NOW, THEREFORE, in consideration of the mutual covenants, representations and warranties made herein, and of the mutual benefits to be derived hereby, the parties hereto agree as follows:

DEFINITIONS

The terms defined below, whenever used in this Agreement (including the Exhibits and Schedules attached hereto), shall have the respective meanings indicated below for all purposes of this Agreement.  All references herein to a Section, Article, Exhibit or Schedule are to a Section, Article, Exhibit or Schedule of or to this Agreement, unless otherwise indicated.

Affiliate :  of a Person shall mean a Person that directly or indirectly through one or more intermediaries, controls, is controlled by, or is under common control with, the first Person.  “Control” (including the terms “controlled by” and “under common control with”) means the possession, directly or indirectly, of the power to direct or cause the direction of the management policies of a person, whether through the ownership of voting securities, by contract or credit arrangement, or otherwise.

Agreement :  shall have the meaning provided in the first paragraph, above.

Applicable Law :  shall mean all applicable provisions of all (i) constitutions, treaties, statutes, laws (including the common law), rules, regulations, ordinances, codes or orders of any Governmental Authority, (ii) Governmental Approvals and (iii) orders, decisions, injunctions, judgments, awards and decrees of or agreements with any Governmental Authority.

Assets :  shall have the meaning provided in Section 1.1.

Bill of Sale; Assignment and Assumption :  shall have the meaning provided in Section 4.3.

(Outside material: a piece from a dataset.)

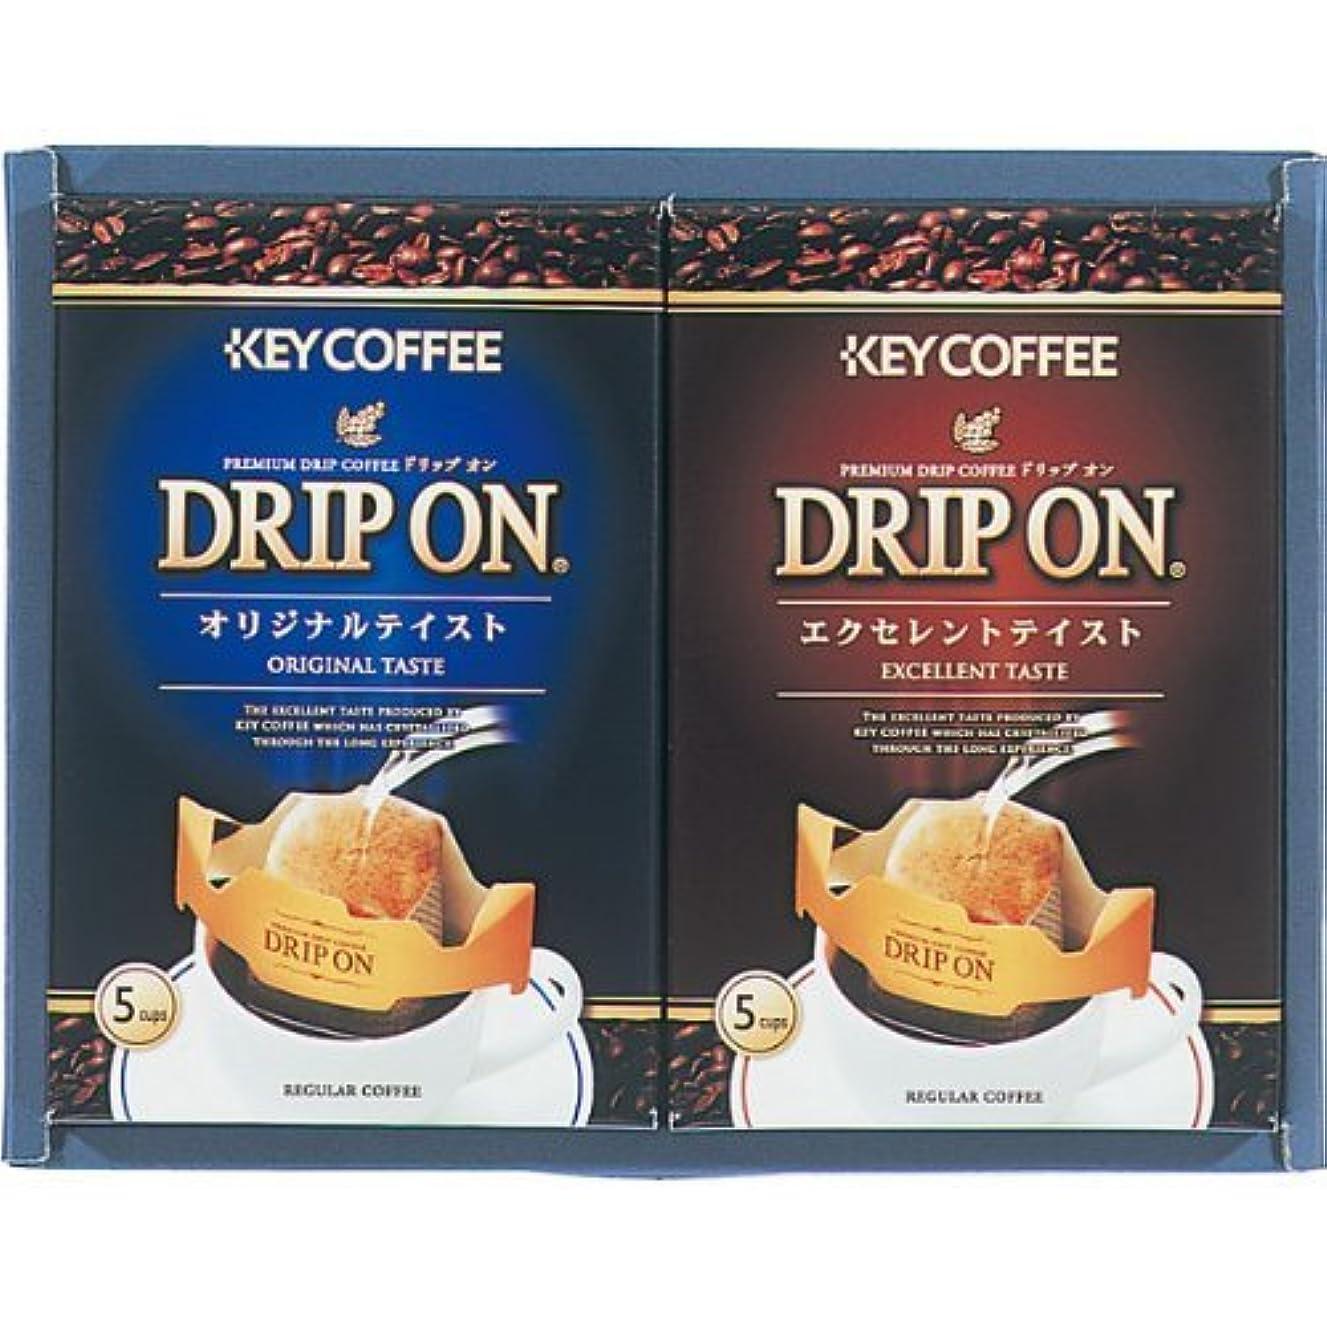 砂漠刺しますパウダーキーコーヒー ドリップオンコーヒーギフト
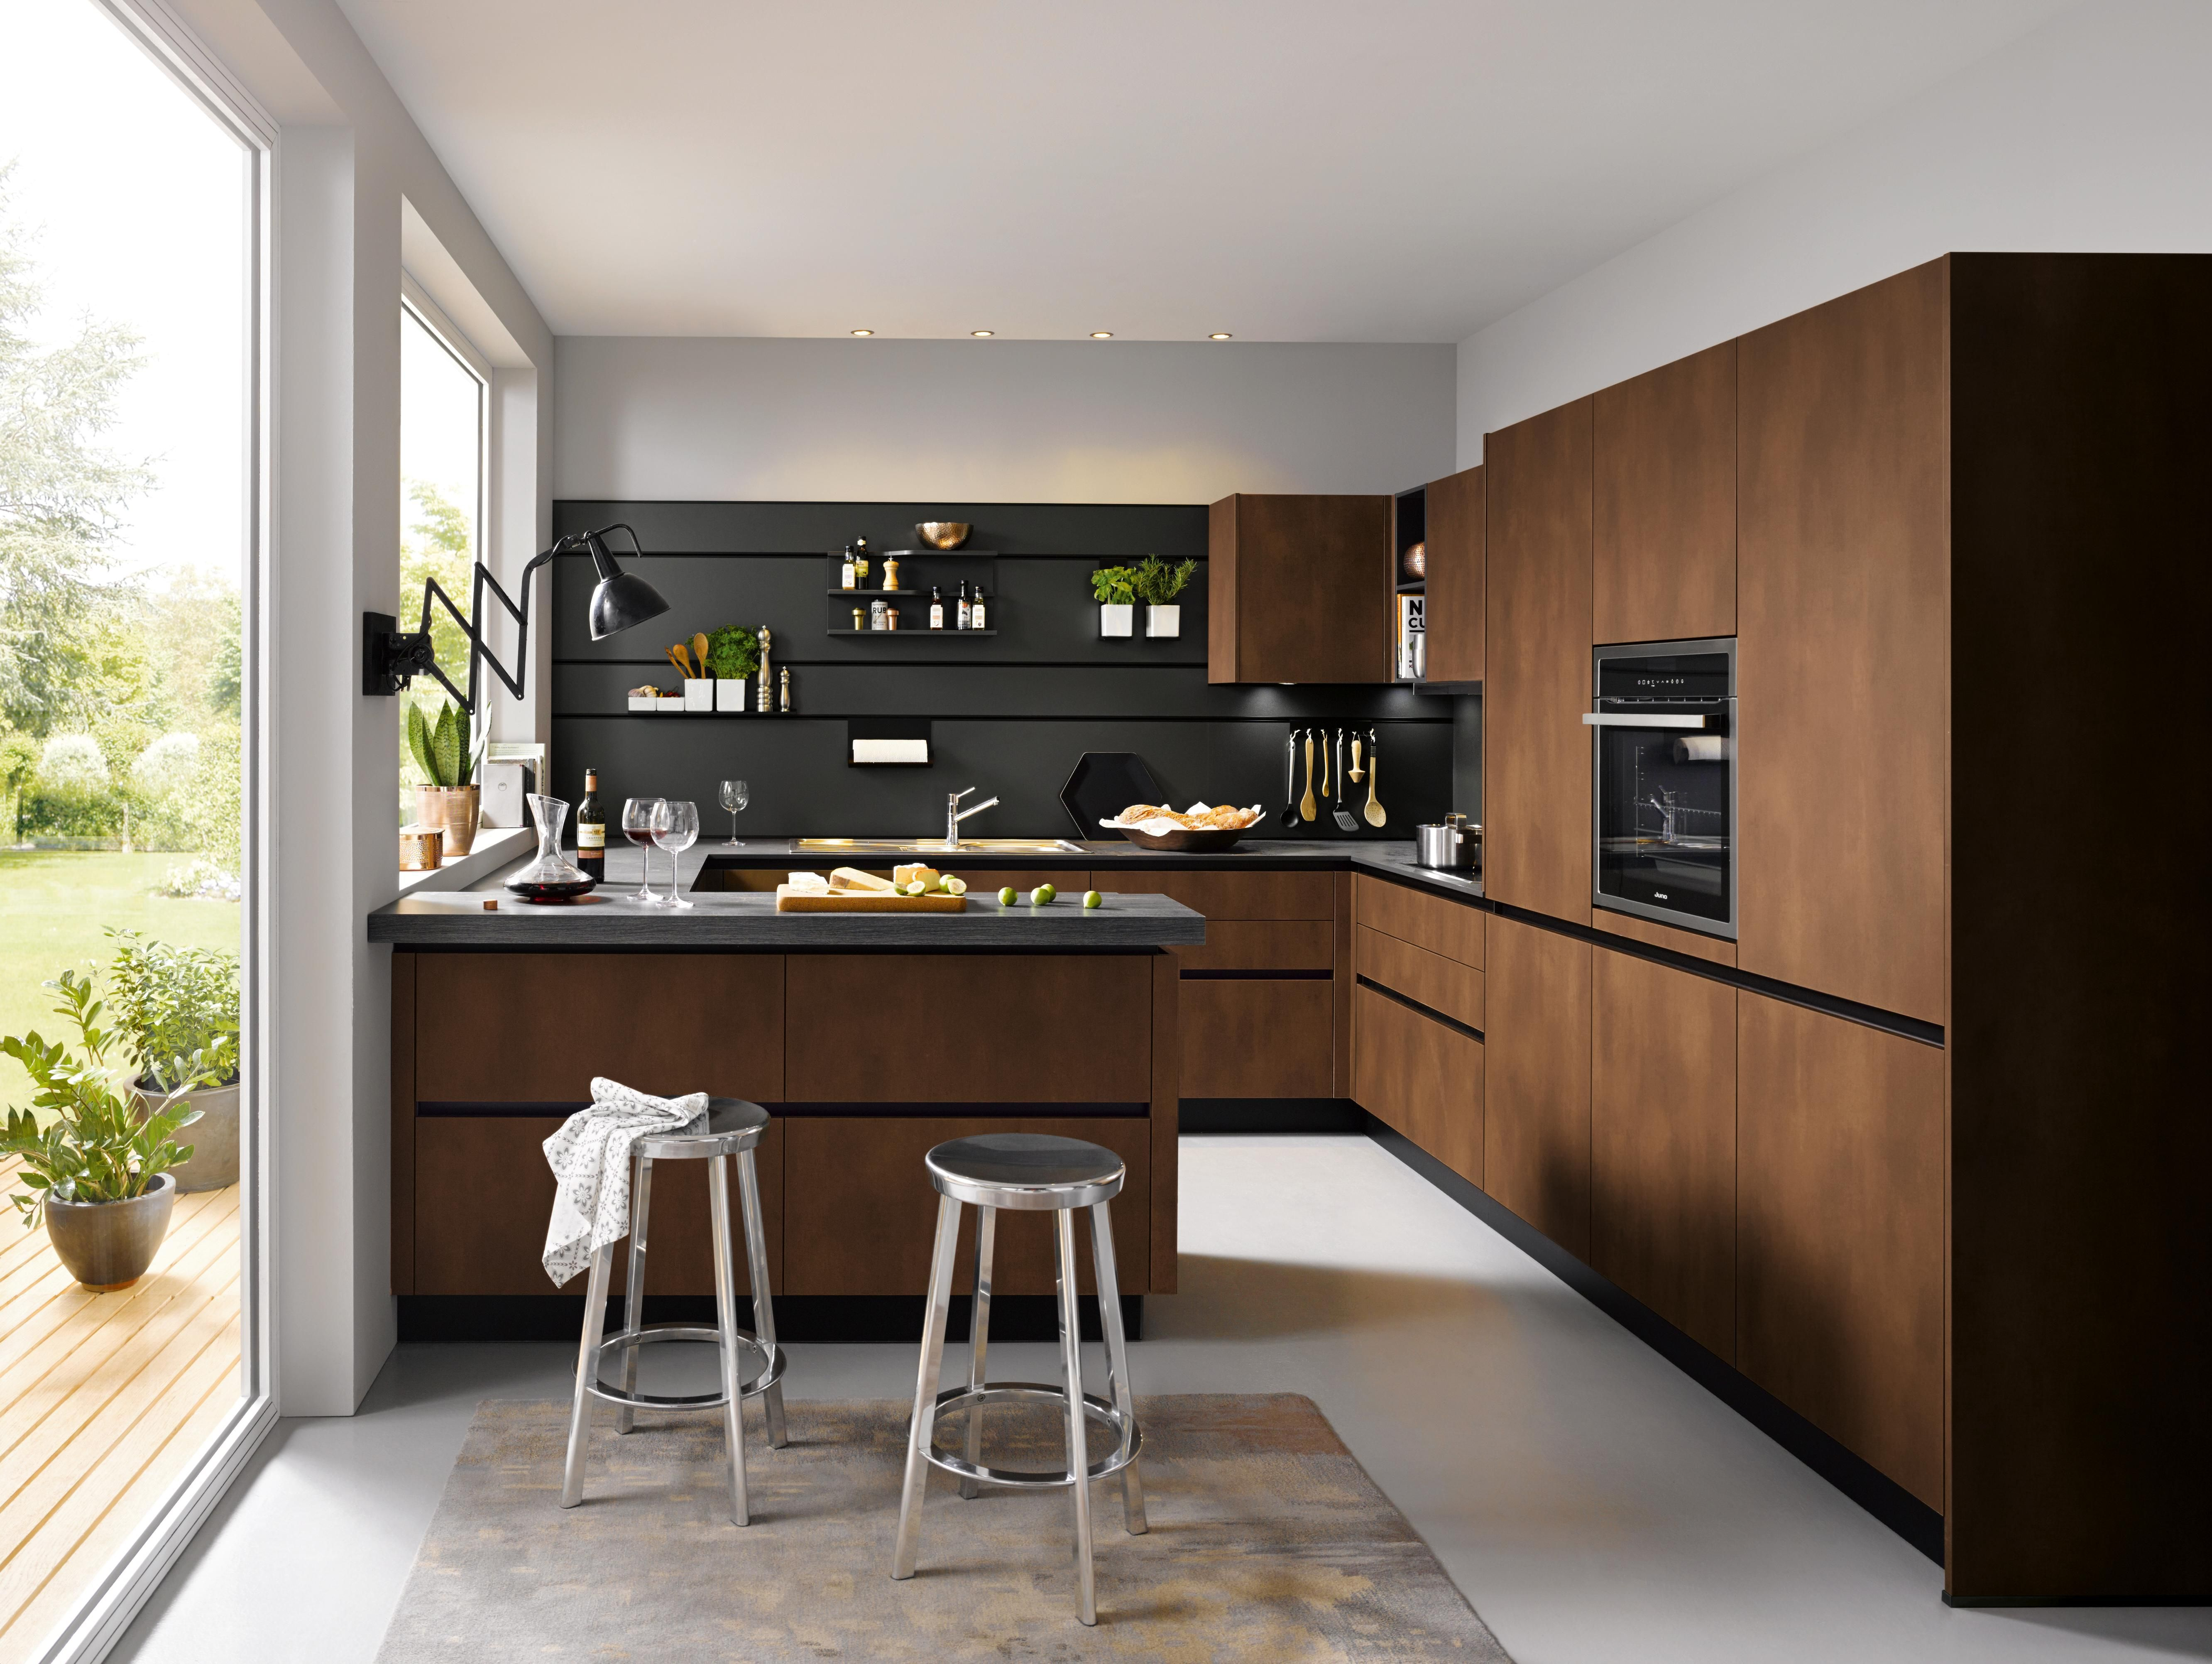 Moderne Kuche Aus Braunem Holz Mit Kochinsel Bar Moderne Kuchendesigns Kuchendesign Modern Kuchentrends

Buyer : shall mean XTX Energy, Inc., a Nevada corporation, and any of its successors and assigns.

 

 

 

 

 

 

 

 

 



 

 

Buyer Indemnitees :  shall have the meaning provided in Section 7.1(a).

Closing :  shall have the meaning provided in Section 2.1.

Closing Date :  shall have the meaning provided in Section 2.1.

Code :  shall mean the Internal Revenue Code of 1986, as amended.

Collateral Documents :  shall mean the Bill of Sale and the Intellectual Property Assignments.

Confidential Information :  shall mean any information (in any form whatsoever) concerning the Assets and each Seller’s business and affairs that is not already generally available to the public.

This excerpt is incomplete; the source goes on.